Still, Cullors has evidently had plenty of help fostering anti-Israel opinions even beyond Dream Defenders propagandists, and has long even ignored the overt bigotry of some of her favorite BLM activists. Case in point: Black Lives Matter-Los Angeles co-founder, frequent BLM-Los Angeles protest leader, and Cullors’ dear friend of over a decade, Melina Abdullah—an admirer of the Nation of Islam and its notoriously anti-Semitic leader Louis Farrakhan, as well as a long-time anti-Israel agitator in her own right.
Indeed, in the days directly following George Floyd’s death, Abdullah was instrumental in organizing many of the Los Angeles Black Lives Matter protests that devolved into riots and attacks on local Jewish institutions. Abdullah has never shown regret for the victimization of Jews during those or other BLM demonstrations; instead, she reportedly described the BLM-Los Angeles decision to protest in Pan Pacific Park the weekend after Floyd’s killing (an area of Los Angeles’ heavily Jewish Fairfax neighborhood that serves as the site of the Los Angeles Holocaust Museum) as a deliberate one (emphasis added):
…[it was] absolutely about letting white folks who are from more affluent backgrounds understand or get a little glimpse of what we experience as black people every day.
Asked about the damage Fairfax sustained from the riots that rose out of the peaceful protests, Abdullah reportedly
discounted concerns that some took advantage of Black Lives Matters’ peaceful demonstrations to create chaos and inflict damage.
This is unsurprising; Abdullah’s feelings about Jews and Israel have been clear for many years. Naturally, she has augmented her public castigation of Israel with hysterical accusations and outright lies.
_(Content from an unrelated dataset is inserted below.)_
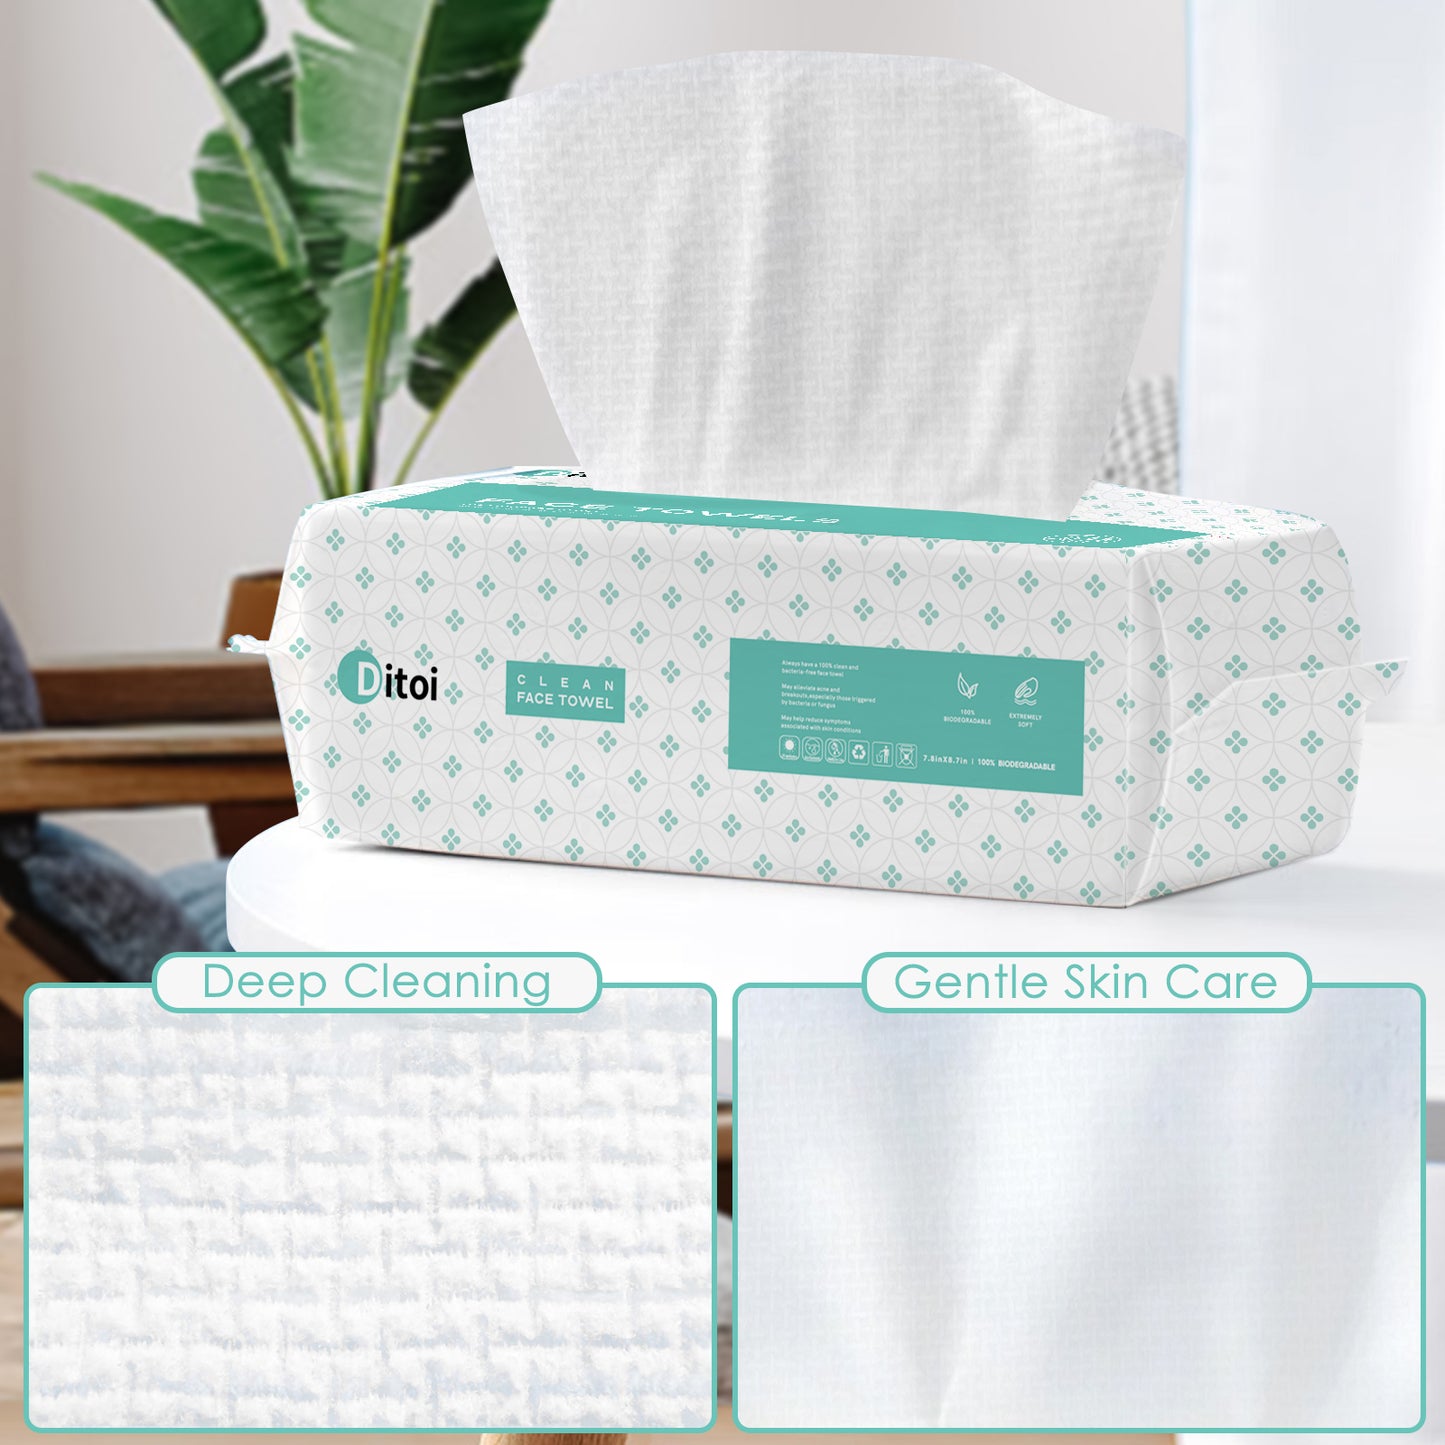 72 Bags Wholesale Ditoi 7.8"x8.7" Disposable Face Towels $6/Bag

Abdullah has also come out in support of Islamist congresswoman Ilhan Omar and Cullors’ fellow Dream Defenders participant and virulent Israel-hater, Marc Lamont Hill.
Meanwhile, Abdullah has joined conspiratorial Twitter followers in decrying the percieved increase in the number of “Jews invading” college campuses, “causing islamophobia, racism, &intolerance! [sic]”
Abdullah has also been equally happy to ‘like’ and retweet similarly unhinged ramblings about the “jewish patriarchy” and how it “offend[s] Muslims & control[s] our economy”.
Abdullah’s open dislike for Jews does not seem to upset Cullors’ vision of BLM branches as the “vanguard” of racial and ethnic justice, however; the two have remained close friends and colleagues for many years.
Most recently, Cullors spent nearly an hour and a half discussing BLM in a live Zoom event with Abdullah. The conversation was broadcast on Facebook, and proudly advertised on the Black Lives Matter Global Network Foundation Twitter feed. You can watch the entire event here or below.
Regardless of the reasons for her departure from the Black Lives Matter Global Network Foundation, it’s clear that Cullors is not going to give up her grip on the limelight so quickly. Despite the many well-substantiated and legitimate complaints about Cullors’ apparently flawed ethics, demonstrable bigotry, intellectual dishonesty, arrogance and over-inflated ego, and bizarre admiration for a wide variety of violent ideologues, she has succeeded in going ‘mainstream’. With ever-deepenging reach into media, literature, the arts, and culture, Cullors and her followers are poised to continue hijacking legitimate civil rights battles for their own distorted ends.